On June 28, 2018, Citizenship and Immigration Services Ombudsman Julie Kirchner published her most recent annual report to Congress, revealing USCIS’ intensified anti-fraud initiatives as well as confirming processing delays for multiple applications.

The Ombudsman’s Office is an independent entity, created by Congress, designed to recommend policy changes to the citizenship and immigration process as well as aide individuals who are going through it.
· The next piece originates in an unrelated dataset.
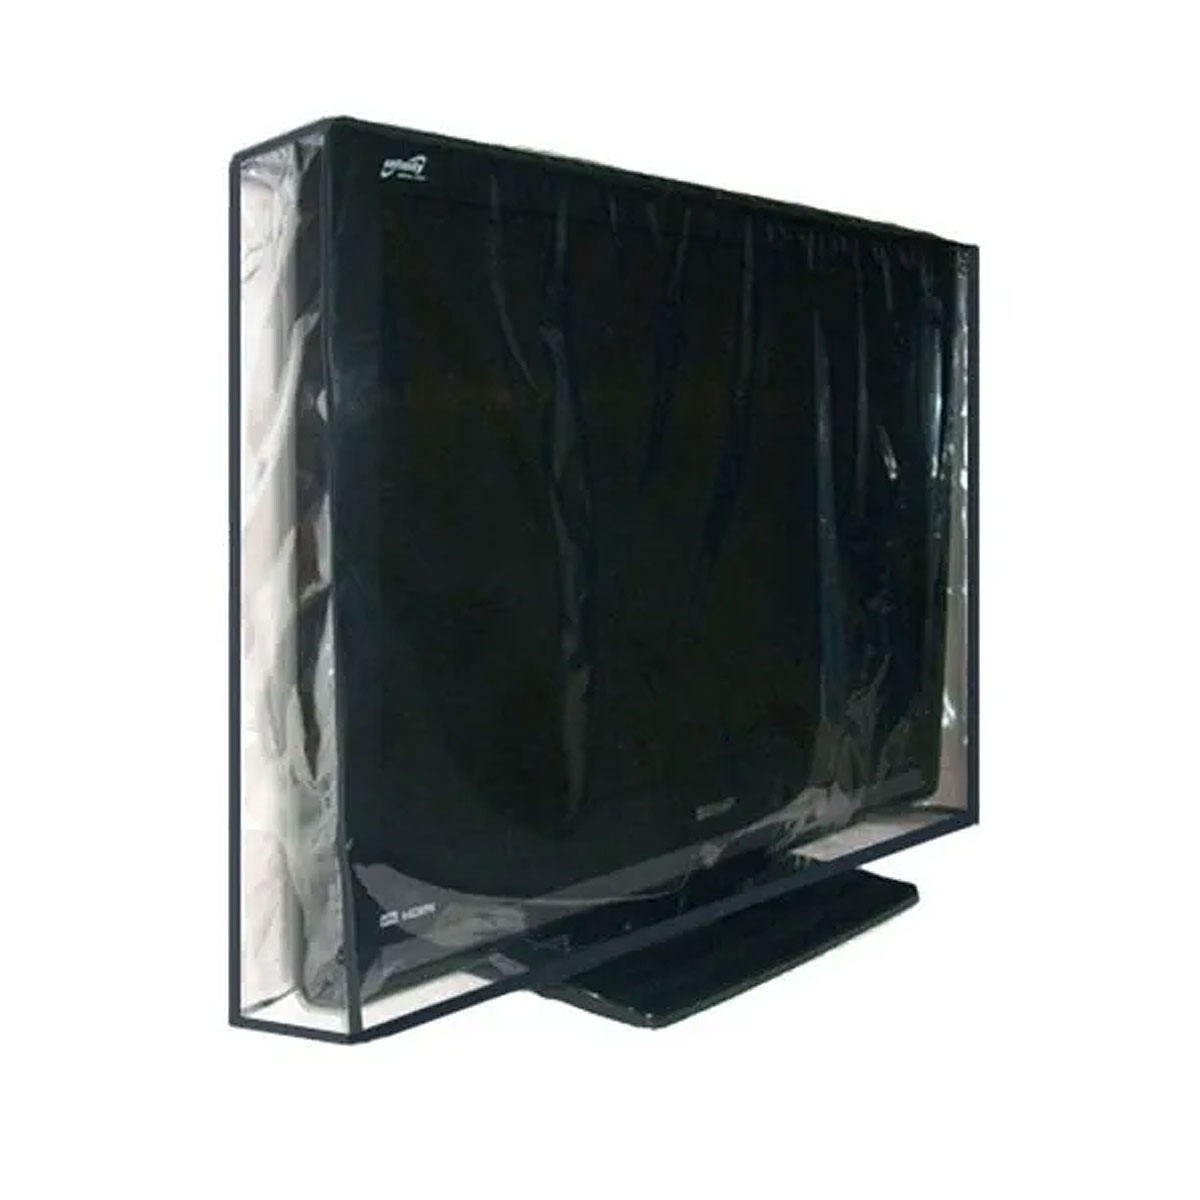 Capa Para Tv Led 47 Pvc Cristal - Fechada Atrás

Targeted Anti-Fraud Initiatives Emphasizing Site Visits

In 2017, the Fraud Detection and National Security Directorate (FDNS) transitioned to a “risk-based” anti-fraud model. This means that in recent months, FDNS has placed a larger emphasis on site visits to companies and employers who have been classified as potential fraud risks under their new Targeted Site Visit and Verification Program. According to the USCIS website, the criteria that indicate a higher risk of fraud include:

  • “H-1B-dependent employers (those who have a high ratio of H-1B workers as compared to U.S. workers, as defined by statute);
  • Cases where we cannot validate the employer’s basic business information through commercially available data; and
  • Employers petitioning for H-1B workers who work off-site at another company or organization’s location.”

These more targeted visits come in addition to the random site visits typically performed by FDNS. The application types subject to site visits include: H-1B, L-1A, AND L-1B.

Furthermore, in support of this initiative, FDNS has more than doubled its staff, going from 756 positions in FY 2012 to 1,548 Positions in FY 2018.

Finally, the report notes that the USCIS ought to make the transition to fully digital with regards to case management, as this would also greatly benefit the anti-fraud initiative.